Scorer for LifelongAgentBench.

Reproduces the original evaluation methodology from: https://github.com/caixd-220529/LifelongAgentBench

When used with interactive environments (episode_mode=True), the TaskEnvironment handles scoring directly. This scorer serves as:

  1. Fallback for non-interactive (single-shot) evaluation — with loud warnings that results are degraded and not faithful to the original.
  2. Helper library for shared scoring functions used by both the environments and this scorer.

Three subset scoring strategies matching the original:

  1. db_bench — Two modes matching the original Task._complete():
  2. direct (SELECT): Execute agent SQL, compare tuples with numeric tolerance (rel_tol=1e-6).
  3. md5 (INSERT/UPDATE/DELETE): Execute SQL, compare full table state.

  4. knowledge_graph — Exact-set match + F1 score on answer entities, matching the original's calculate_metric().

  5. os_interaction — Docker evaluation with exit_code == 0.

IMPORTANT: Single-shot scoring is DEGRADED and will always emit warnings.
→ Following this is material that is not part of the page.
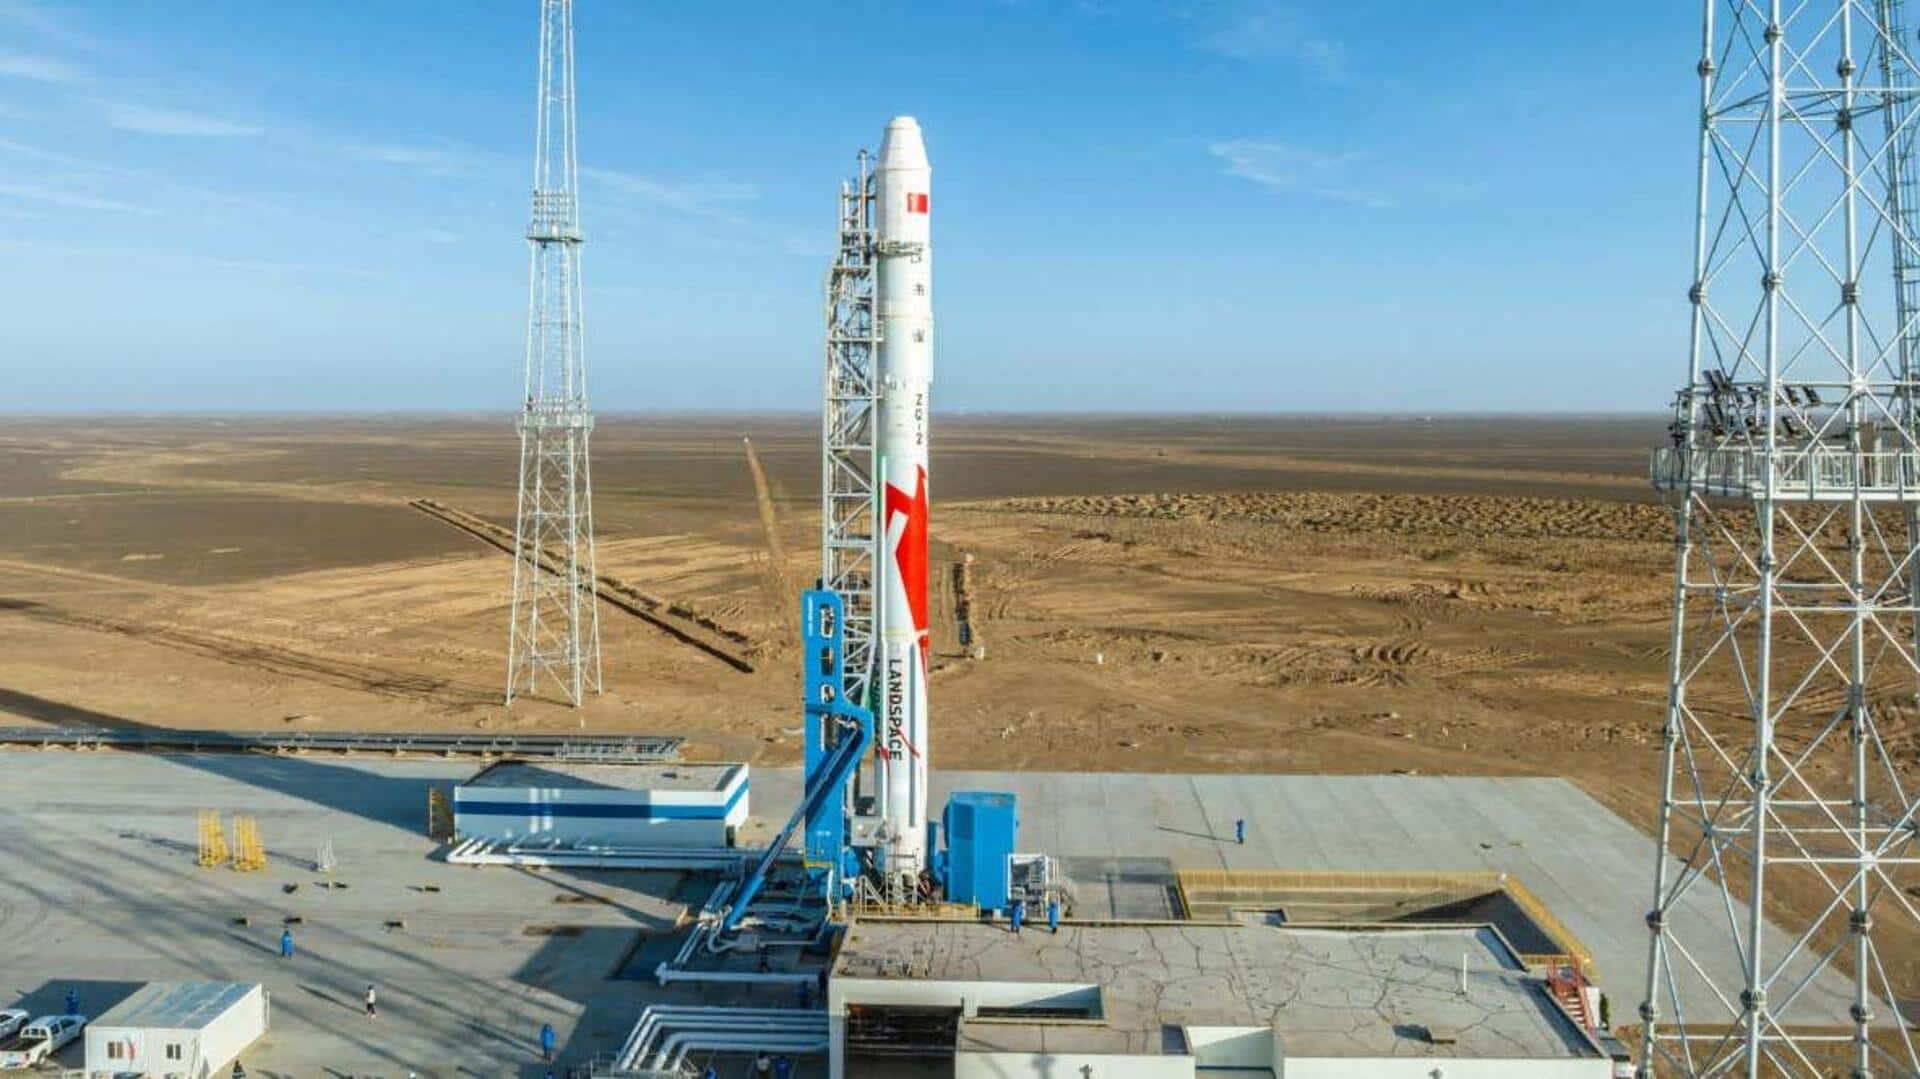 China's methane-powered rocket aims to make historic orbit journey

The original benchmark is multi-turn interactive. Use episode_mode=True with the jarvis-agent backend for faithful evaluation.

Classes

LifelongAgentScorer

LifelongAgentScorer(judge_backend: Any = None, judge_model: str = '')

Bases: Scorer

Scorer for LifelongAgentBench.

When used with interactive environments (episode_mode), the environment handles scoring and this scorer is bypassed. For single-shot mode, this scorer provides degraded fallback scoring with clear warnings.

Constructor accepts (judge_backend, judge_model) for CLI compatibility but does not use them — all scoring is deterministic.

Source code in src/openjarvis/evals/scorers/lifelong_agent_scorer.py
def __init__(self, judge_backend: Any = None, judge_model: str = "") -> None:
    pass

Functions

build_db

build_db(table_info: Dict[str, Any]) -> Connection

Build an in-memory SQLite DB from table_info.

Note: The original uses MySQL Docker containers. SQLite is used as a portable fallback. MySQL-specific features (e.g. backtick quoting, GROUP_CONCAT, MD5()) will not be available.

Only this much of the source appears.